Rosae Novichenko representa o Brasil na Torre Eiffel

1
Rosae Novichenko, artista plástica

A artista plástica curitibana Rosae Novichenko representou o Brasil, no dia 23 de outubro, em uma exposição de arte que aconteceu no Salão Gustave Eiffel, na própria torre. O evento, chamado Grande Exposição Universal, fez alusão ao evento histórico ocorrido em Paris há exatos 125 anos, momento em que a própria Torre Eiffel foi inaugurada.

Apesar do nome (Rosae, “da rosa” em latim, e Novichenko, “homem novo” em ucraniano) Rosae Novichenko nasceu em Lages, Santa Catarina, e tem Curitiba como base e o mundo como sala de exposição. Trabalhos seus já percorreram os lugares mais diversos; desde os mais prováveis, como Florença e Nova York, até os mais inusitados, como Pequim e Ilha Mauritius. Só neste ano, Rosae já participou de diversas mostras e recebeu distinções em Catânia e Palermo (Itália), Miami e Nova York (EUA), La Valleta (Malta) e Principado de Mônaco.

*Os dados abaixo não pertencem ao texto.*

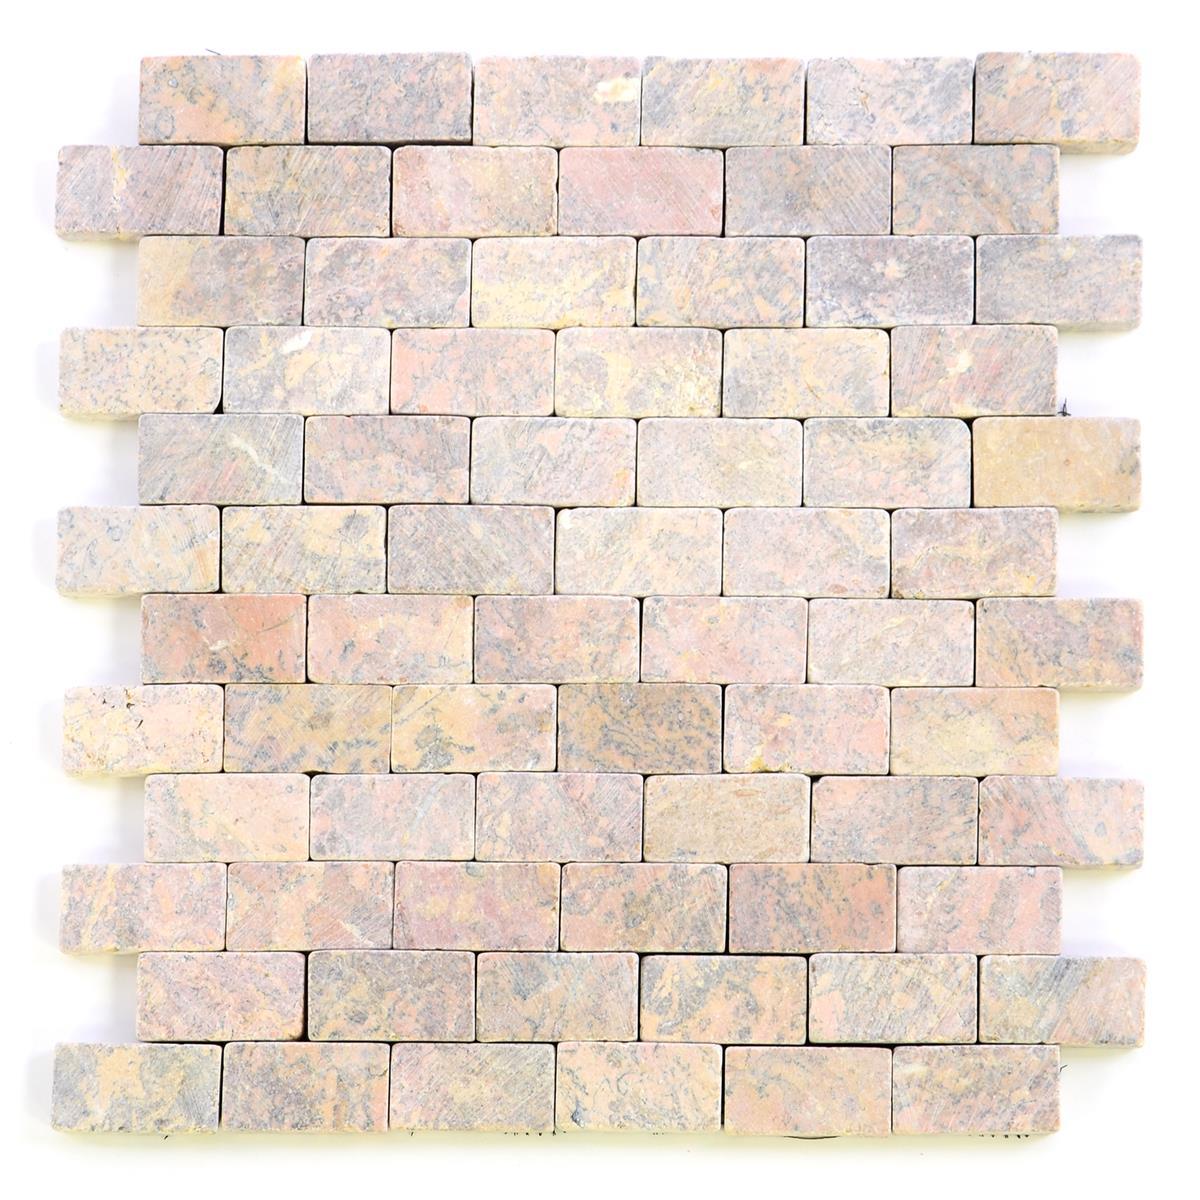 DIVERO 11 Fliesenmatten Mosaik aus Marmor beige weiß á 29 x 32 cm

A Grande Exposição Universal de Artes Plásticas, que aconteceu em Paris e que teve Rosae como única artista brasileira convidada, foi concebida e organizada pelos críticos de arte italianos Salvatore Russo, Francesco Saverio Russo e Sandro Serradifalco. Josè Van Roy Dali, pintor e herdeiro de Salvador Dali, foi um dos astros que prestigiou esse evento dedicado a mostrar criações de outros 80 artistas especialmente convidados. Nesta ocasião, Rosae Novichenko recebeu o prêmio especial “Best Artist in the World”, juntamente com os seus colegas artistas internacionais. Com mais esta distinção internacional, Rosae comemora a sua 38 trigésima oitava premiação em sua carreira como artista plástica.

Nos dias 25 e 26, Rosae Novichenko participou também de uma coletiva no Museu do Louvre, que é, assim como a famosa torre, um dos pontos turísticos mais visitados do mundo. Essa artista brasileira tida como mestre contemporânea internacional, está, como vemos, polarizando as atenções dos Europeus e Americanos nesse segmento artístico mais voltado a museus, galeristas e colecionadores que privilegia formatos artísticos tradicionais, como pintura sobre tela, desenho, aquarela e escultura. “O mundo precisa de verdadeiros mestres da arte, por isso escolhemos e convidamos você, Rosae Novichenko” – esta foi a frases de seus curadores e críticos italianos, ao convidarem nossa artista para os seus prestigiosos eventos.

Nestes tempos de bienais feitas de manifestos sociais, instalações e arraigado conceitualismo, eventos como esses em Paris revelam que boa parte da crítica especializada preza, e muito, a força e e nova expressão da pintura contemporânea à moda tradicional. Rosae Novichenko é a representante brasileira que desperta os olhares do mundo para essa faixa de produção artística mais duradoura, que tende a se manter eterna, não obstante os tantos modernismos que perseveram por aqui, já há tantas décadas.